Keystroke monitoring to protect the public

The Massachusetts Dept. of Revenue knows more than most government agencies about monitoring employees' activities for illegal behavior. The department is profiled in a CSO Online article about keystroke monitoring. The Bay State's tax department started a program to protect the confidentiality of famous sports figures' tax returns 1992 but eventually realized they needed a comprehensive way to protect everyone's returns.

Eventually, Moynihan—and his boss, the commissioner—realized the DoR had to monitor every access of every taxpayer's personal information on the database. Integrity of the process was not only an ethical matter—a public-sector breach could lead to major political ramifications. "If at any time a confidentiality problem hit the papers and taxpayers felt the system was not protecting their information, it could impact voluntary [income tax] compliance. The consequences could be immeasurable," he says.

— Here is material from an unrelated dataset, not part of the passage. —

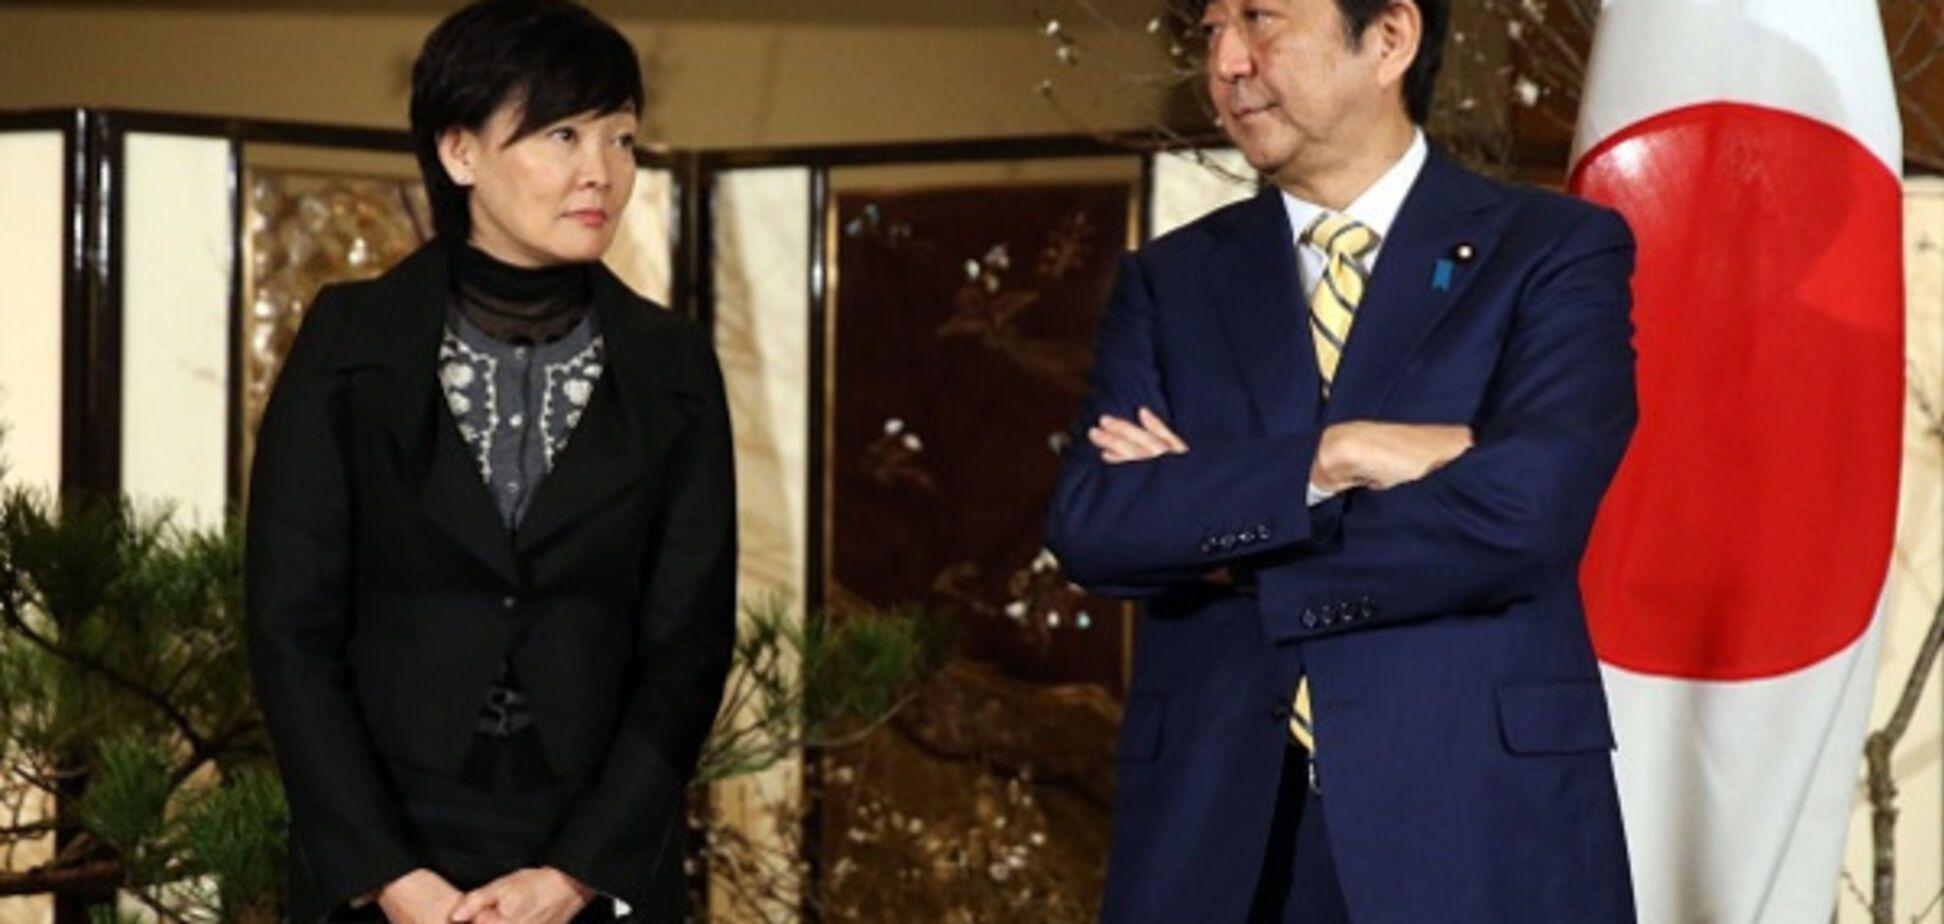 Синдзо Абэ ждет Владимира Путина

In 1997, the Department of Revenue spent $300,000 (out of an overall IT budget of $25 million) to custom develop its Transaction Tracking system based on a Unisys mainframe. The system captures every access of taxpayer data in Massachusetts and creates audit trails for future reference. Once auditors monitoring the database identify a potential violation of the data access policy, such as an anomaly in the audit trail, they give the employee a chance to explain. If there is no reasonable explanation for the data access, the case is referred to internal investigators for further analysis and an interview with the employee. Disciplinary actions that could follow include firing an employee for a first offense.